Paul Natsuo Kishimoto mail@paul.kishimoto.n...
Mon Jul 16 07:13:54 CDT 2012


Hi Pierre,

On Mon, 2012-07-16 at 01:54 -0500, Travis Oliphant wrote:
> On Jul 16, 2012, at 1:52 AM, Pierre GM wrote:
> 
> > Hello,
> > I'm siding w/ Tom, Nathaniel and Travis. I don't think the change as
> > it is is advisable. It's a regression, and breaking=bad.
> > Now, I can understand your frustration, so, what about a trade-off?
> > The first line w/ a comment after the first 'skip_header' ones
> > should be parsed for column titles (and we call it
> > 'first_commented_line'). We split it along the comment character,
> > say, #. If there's some non-space character before the #, we keep
> > this part of 'first_commented_line' as titles: that should work for
> > your case. If the first non-space character was #, then what comes
> > after are the titles (that's Tom's case and the current default).
> > I'm not looking forward to introducing yet another keyword,
> > genfromtxt is enough of a mess as it is (unless we add a
> > 'need_coffee' one).
> > What y'all think?

> That seems like an acceptable proposal --- it is consistent with
> current behavior but also satisfies the use-case (without another
> keyword which is a bonus). 

> So, 

> +1 from me.

> -Travis
> 
Thanks for jumping in, and for offering a compromise solution. I agree
that genfromtxt() has too many kwargs—it took me several minutes of
reading the docs to realize why it wasn't behaving as expected!

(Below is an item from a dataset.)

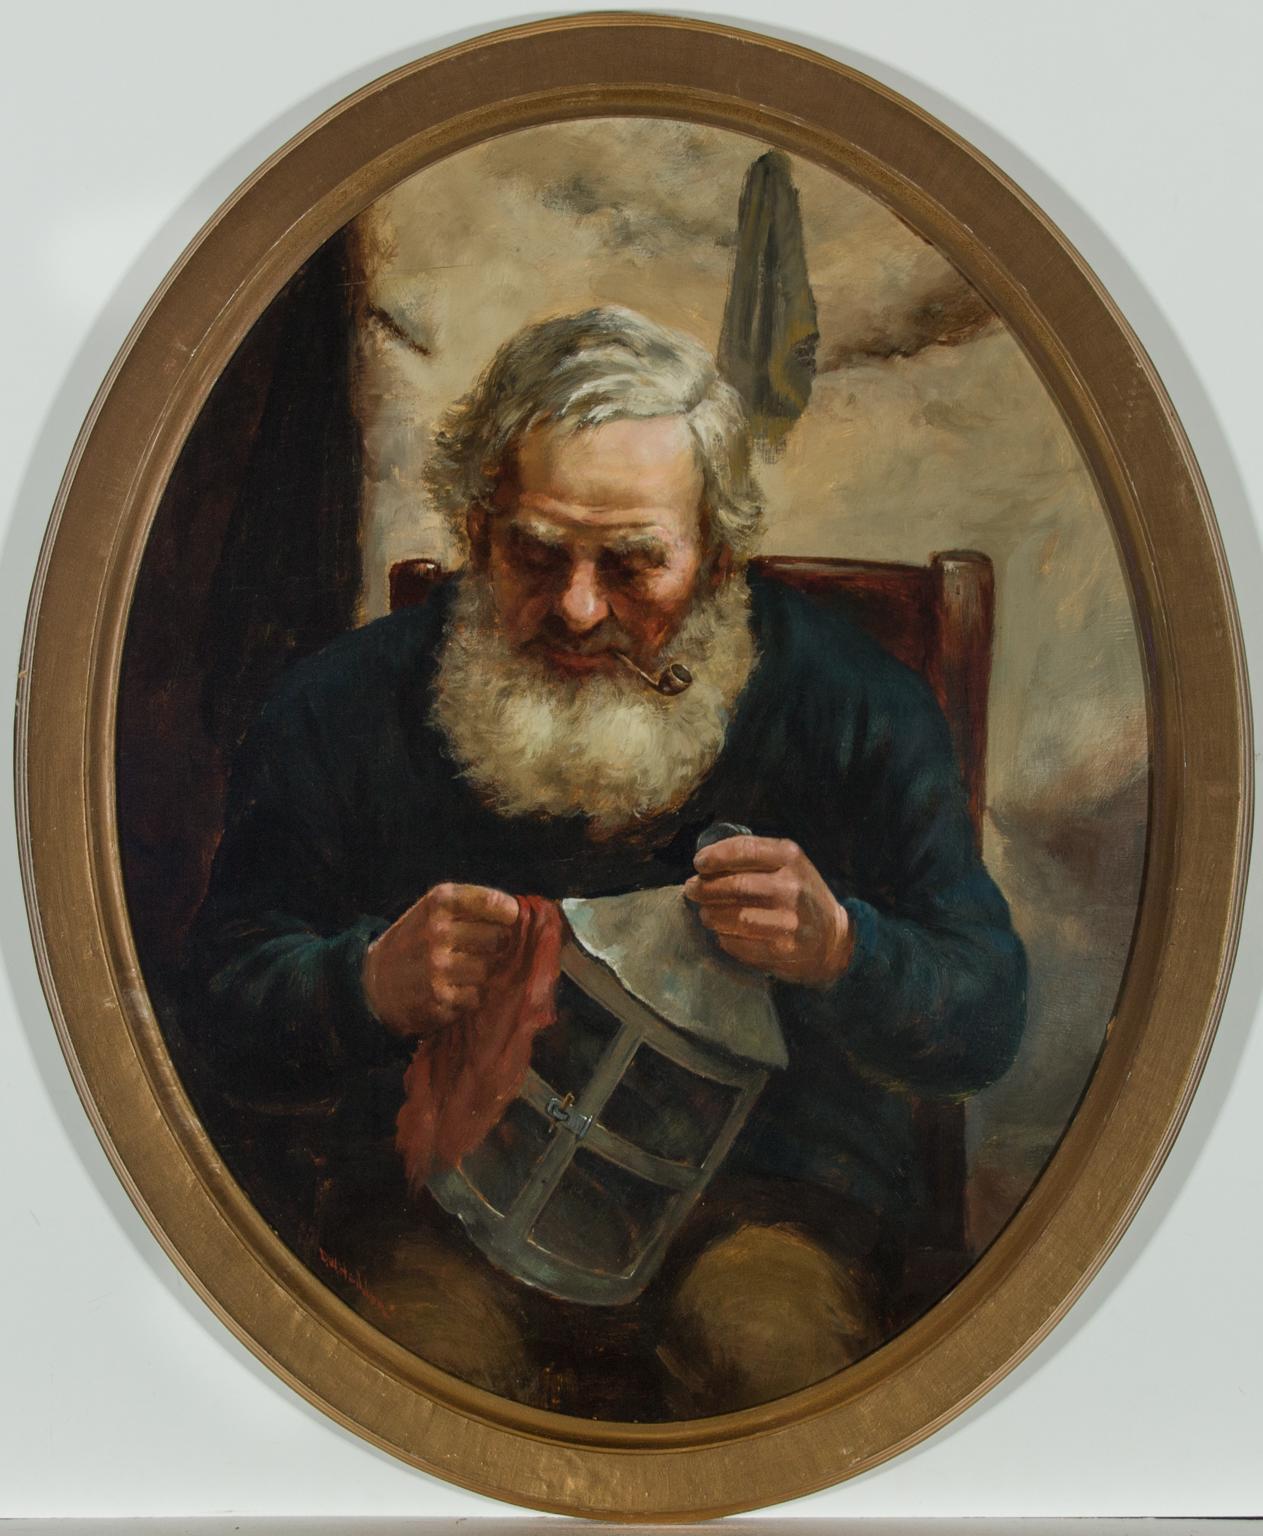 David W. Haddon (fl. 1884-1911) - English Oil, Portrait of a Cornish Fisherman

To be ultra clear (since I want to code this), you are suggesting that
'first_commented_line' be a *new* accepted value for the kwarg 'names',
to invoke the behaviour you suggest?

---

If this IS what you mean, I'd counter-propose something in the same
spirit, but a bit simpler…we let the kwarg 'skip_header' take some
additional value, say int(0), int(-1), str('auto'), or True. In this
case, instead of skipping a fixed number of lines, it will skip any
number of consecutive empty OR commented lines; THEN apply the behaviour
you describe.

The semantics of this are more intuitive, because this is what I am
really after: to *skip* a commented *header* of arbitrary length. So my
four examples below could be parsed with:

     1. genfromtxt(..., names=True)
     2. genfromtxt(..., names=True, skip_header=True)
     3. genfromtxt(..., names=True)
     4. genfromtxt(..., names=True, skip_header=True)

…crucially #1 avoids the regression.

Does this seem good to everyone?

---

But if this is NOT what you mean, then what you say does not actually
work with the simple use-case of my Example #2 below. The first
commented line is "# here is a..." with # as the first non-space
character, so the part after becomes the names 'here', 'is', 'a' etc.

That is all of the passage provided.